▸ **Given material**:
***

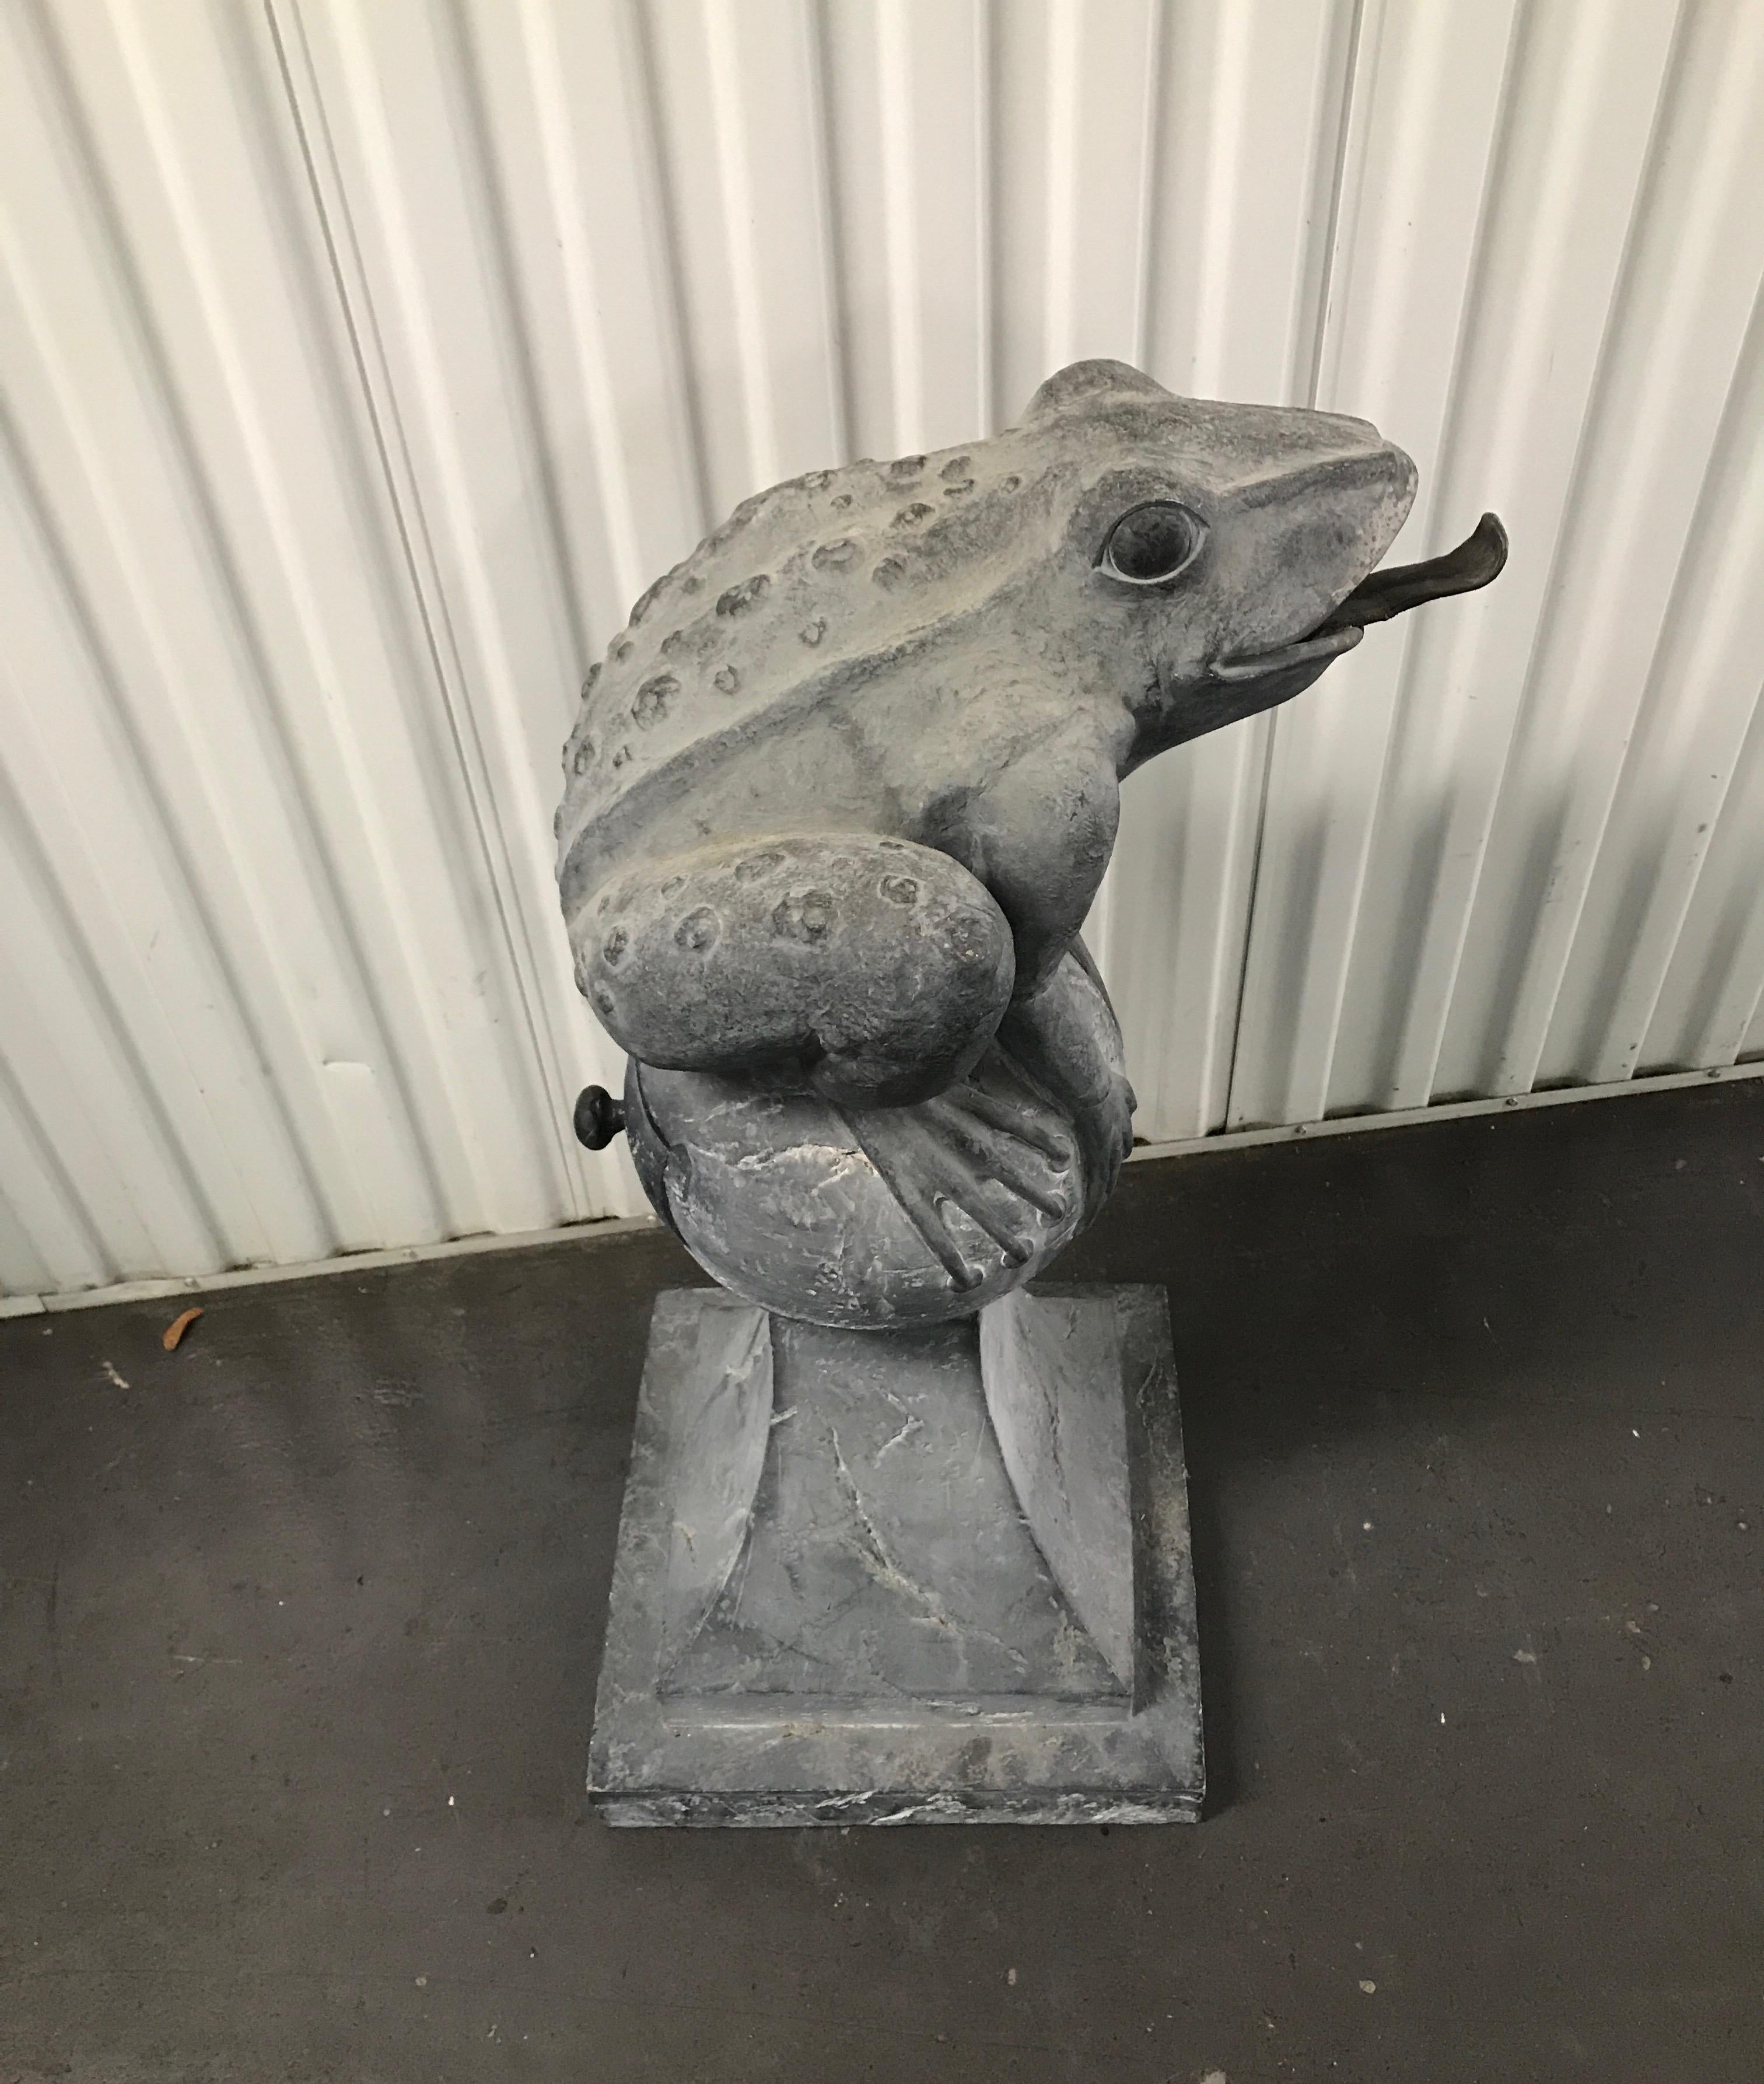 20th Century Whimsical Large Jumping Frog Sculpture
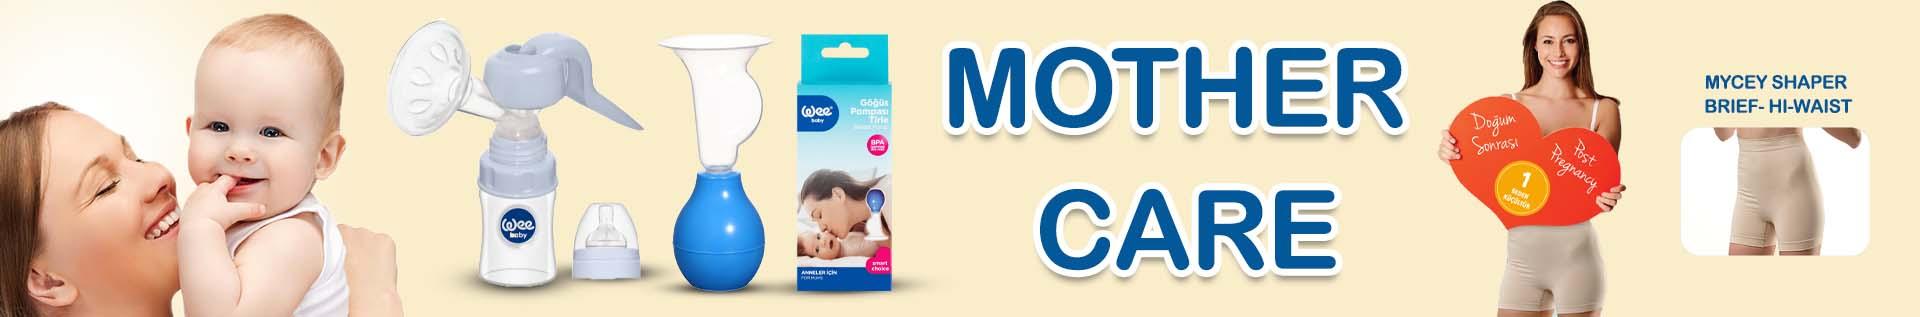 1695874859195_mother_care_products.jpg
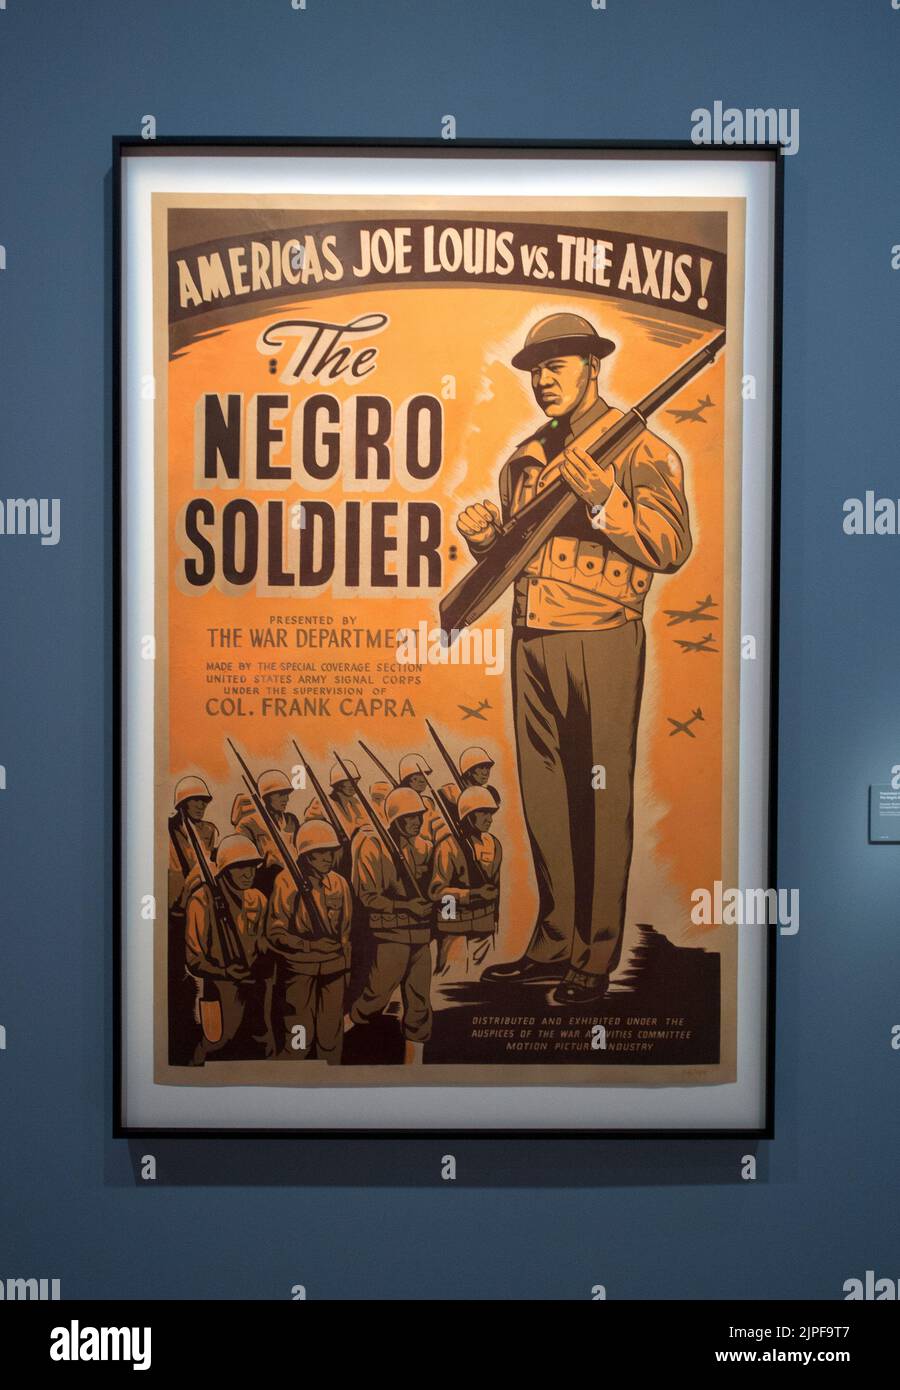 Vintage movie poster on display in the exhibtion 'Regeneration: Black Cinema' at the Academy Museum of Motion Pictures in Los Angeles, California Stock Photo

***

Pictures aside, please output the whole listing exactly as it appears above.

 20th Century Whimsical Large Jumping Frog Sculpture
 1695874859195_mother_care_products.jpg
 Vintage movie poster on display in the exhibtion 'Regeneration: Black Cinema' at the Academy Museum of Motion Pictures in Los Angeles, California Stock Photo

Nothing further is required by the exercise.